How BPM and RPA Are Changing the Development Landscape Forever
Workflow efficiency translates to better business outcomes.
22:01 05 June 2018
There are a lot of directions a company can go to boost effectiveness and productivity, and more and more automated options are arising. The demand for tools that are accurate and streamlined is growing as enterprises look for the most efficient ways to collect, maintain, and deploy data.
Blending business process management (BPM) with robotic process automation (RPA) gives enterprises an advantage when it comes to better management of data and business operations. The two together offer a reliable way to interact with the workflow systems already in place for trustworthy results.
Not sure how to make either - or both - work for your operation?
Let’s start with the basic definitions of BPM and RPA:
- Business process management (BPM) is a meticulous way to improve workflow, while adapting to changes. Business process management isn’t an umbrella item; each business process activity follows a certain path for a particular goal.
- Robotic process automation, or RPA, allows developers to automate tasks like data entry through a retrieval process that taps the actual interface of a database or application. This allows the company to go past any missing APIs for a faster end result.
Pegasystems, a customer engagement software developer, connects robotic process automation with BPM like this:
“RPA is a perfect fit for BPM: If an automation fails or is unavailable, BPM can easily route the request to a pool of humans to complete.”
So in this way, RPA is not just an automated system left to its own devices (and therefore, volatile). RPA automates everything it possibly can and then sends the rest to a human who can better analyze and respond. Rather than bypassing the missing pieces, RPA identifies them and flags them for correction or identification.

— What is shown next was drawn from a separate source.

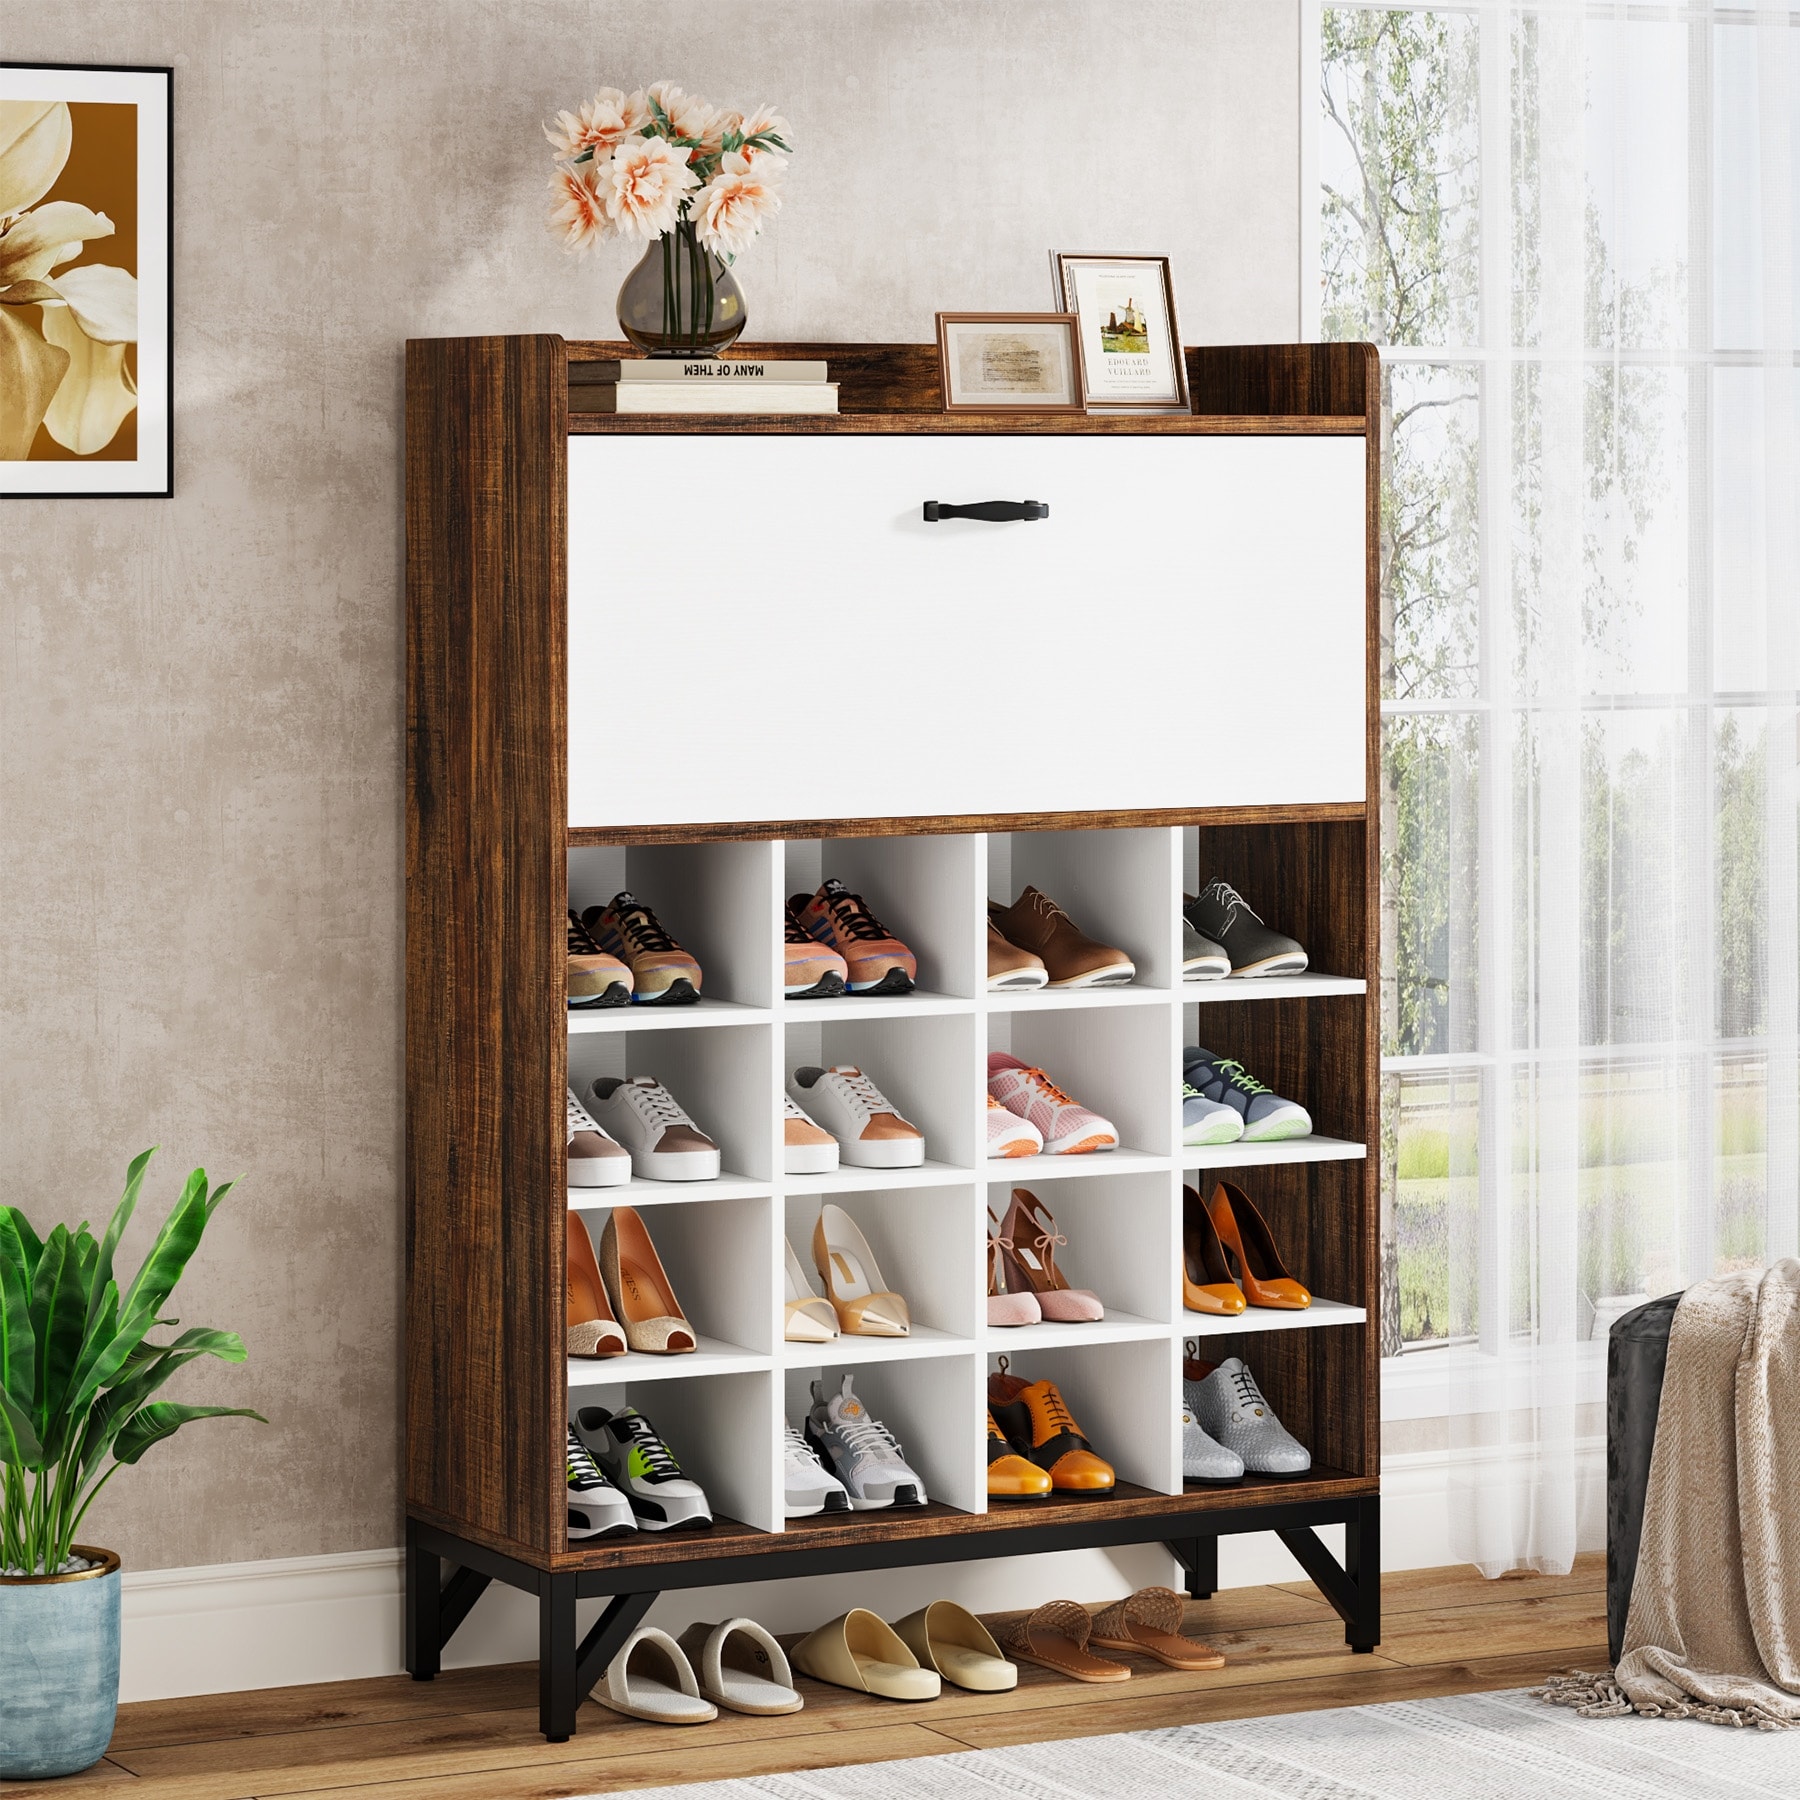 https://ak1.ostkcdn.com/images/products/is/images/direct/37c405c56522b0a493d6bd0b9bd937abea907707/24-Pairs-Shoe-Cabinet-Entryway-Shoe-Storage-Cabinet-Modern-Storage-Organizer.jpg

These solutions working together aren’t without their downsides. Analyzing the amount of data required to execute RPA and BPM requires significant bandwidth and infrastructure. Constant network analysis and testing is required to keep the automation running smoothly.
The End of Screen-Scraping
The earliest RPA systems used a process called “screen-scraping” to collect the data needed for automation between incompatible legacy systems. For basic applications, this approach is pretty accurate – but most enterprises have complicated, multi-step processes that need a step up from this increasingly-archaic method of data collection. This is the same technology that today is used to extract data from the web, although there’s still limitations to scraping the web due to compatibility with systems and an underlying reliance on the HTML code of websites. A system that works just part of the time isn’t very effective.
Instead, enterprises should look for RPA options that actually work with the controls of application. This improves the speed of delivery and results in much more reliable outcomes. Automation of business processes frees up customer service staff for more creative, vital tasks. Many large corporations that are highly regulated are using BPM and RPA to follow mandated procedures or communicate regulatory information to increase customer service productivity and reduce costs. To implement robotic process automation, an organization needs to first document the business processes that RPA systems will automate. During this process, businesses will be able to analyze employee workflows to identify inefficiencies such as navigation across disparate applications and keystroke errors causing customer experience disruptions. Once all inefficiencies and workflow processes are documented, robotic process automation can be implemented to automate many of the repetitive tasks slowing down customer service representatives.
Combining BPM with RPA is forever changing how enterprises operate. Retrieving data through systems already in place means a more accurate, targeted result that leads to workflow efficiency. Leading RPA solutions can work with existing systems, both online and on desktop, without the need of API’s to move data accurately and efficiently. That optimal performance results in improved productivity – and overall business performance.